From now on, we assume that each language has its own module. Each directory contains the same files as above, only there is no distinction between the up-to-date POs and the POs being worked on.

Creating the POT and the POs

This is done with po4a-gettextize. When there is no translation, it makes a POT file. A big POT already exists for version 4.0.

When a translation exists, and has exactly the same structure as the original (same number of strings, same HTML tags), po4a-gettextize makes a PO. If the structures are slightly different, there are ways to make them fit artificially. The alternate method is to fill up the POT manually.

A tip: make the PO from the version of the original document it corresponds to.

Updating translations or translating from scratch

  • When a new version is ready, The FSF updates the POT and propagates the modifications to the POs in enc/LANG (po4a-updatepo).
  • The language teams work on the new or modified strings. During the translation process, the PO can easily be converted to generic HTML for proofreading.
  • When a team decides that their translation is ready, they push the POs to the master branch of their module. A pre-receive hook makes sure the POs are valid (msgcat), and will produce well formed XHTML (xmllint).
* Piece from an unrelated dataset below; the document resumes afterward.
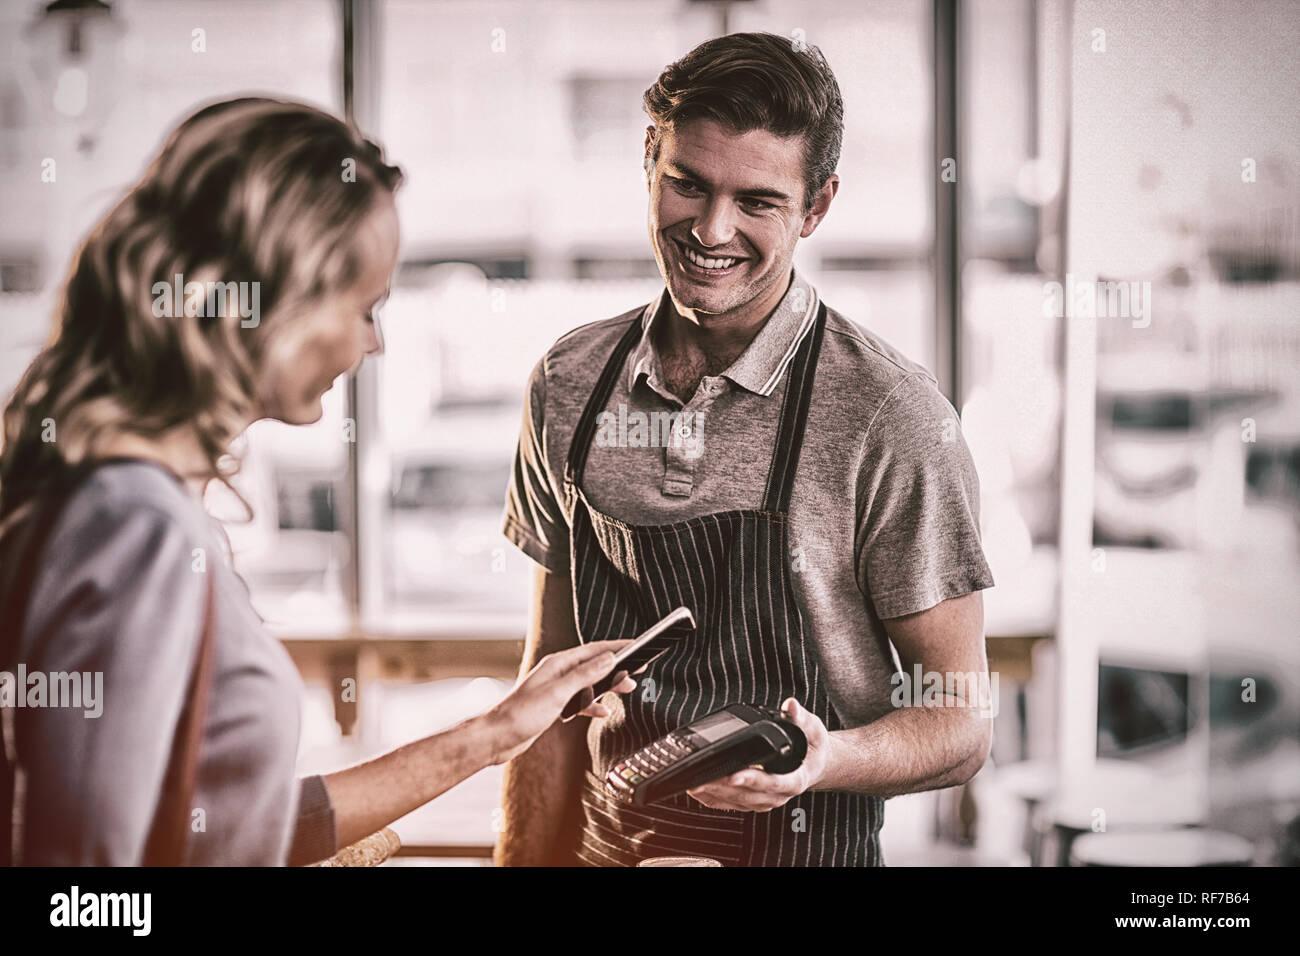 Woman paying bill through smartphone using NFC technology Stock Photo
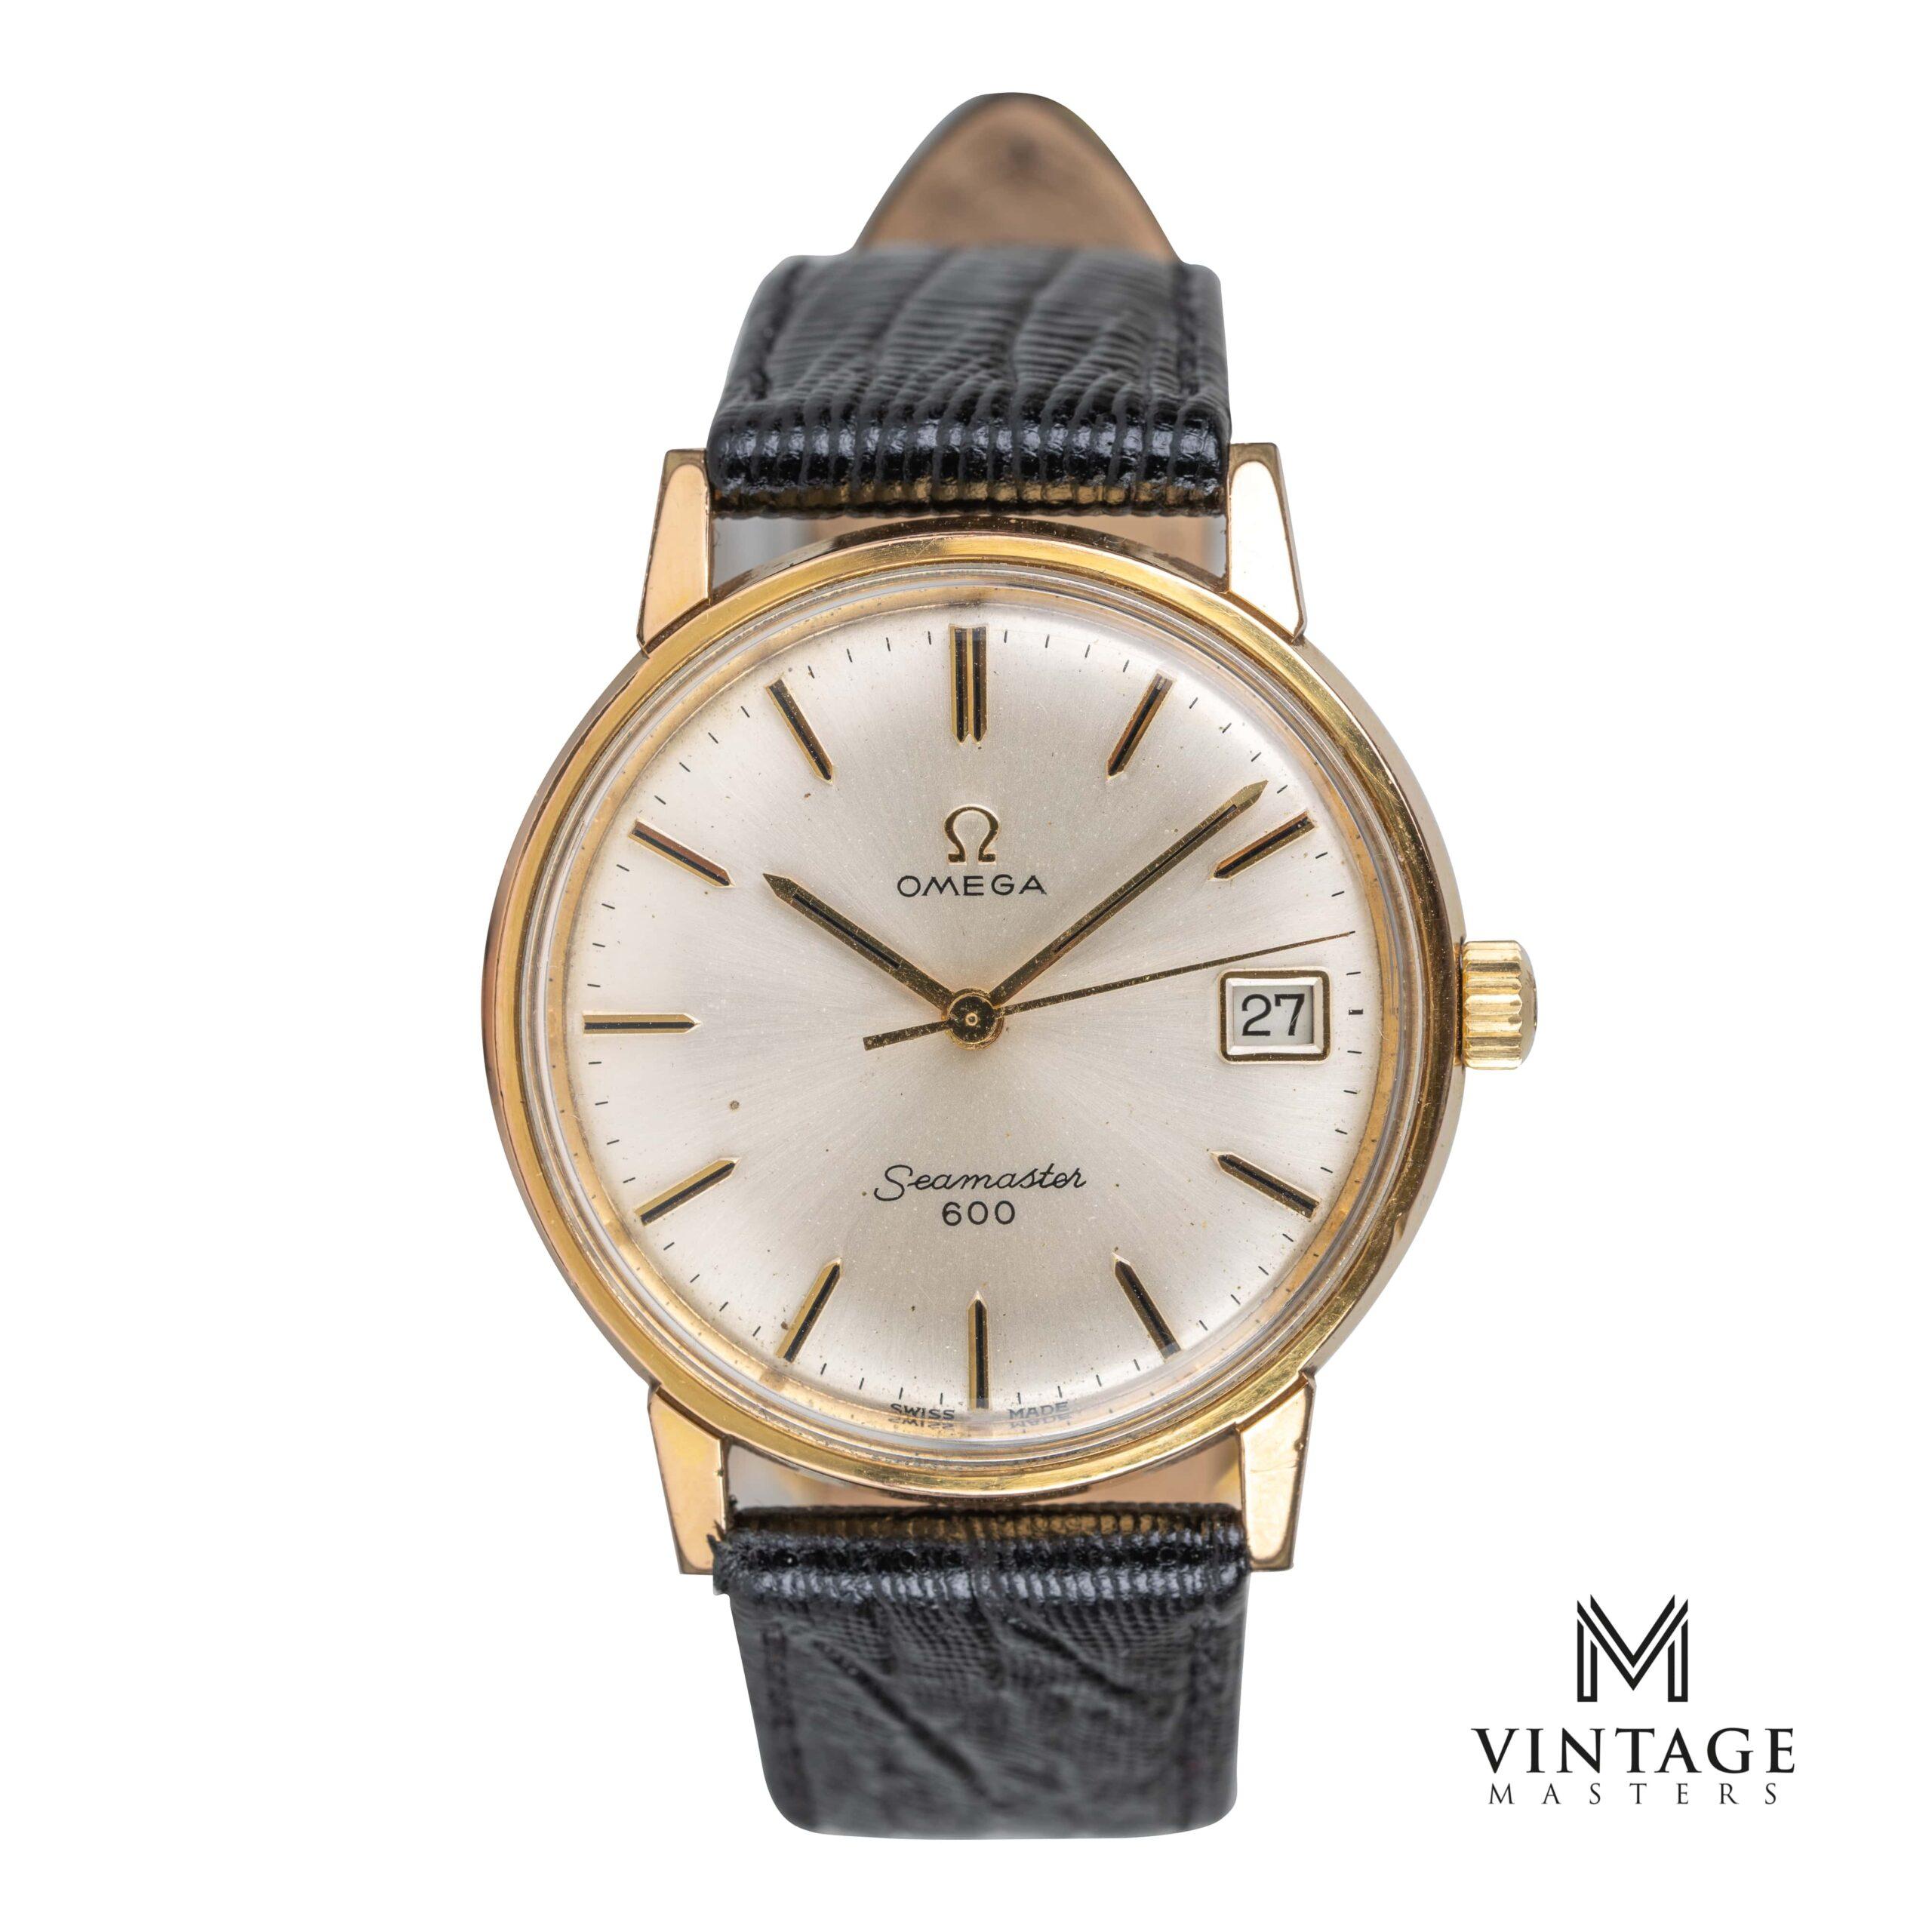 vintaeg omega seamaster 600 watch 136.011 1965 front

A similar script already exists.

Note: Translators should be allowed to fix trivial errors in the English version (without ever touching the text itself, of course).

Generating and publishing translated pages

The FSF generates pages from POs in the enc/LANG directory, and checks them. These files should be ignored by Git because they can be regenerated any time.

Note: Regeneration should only take place after a team pushes their updated POs, and before the original is further modified. Otherwise, perfectly good translated strings will be replaced with English strings.

If the pages look good, they are moved or copied to the live/master working directory, committed, and pushed. Merging the two repos wouldn't do the trick because the translated pages are untracked.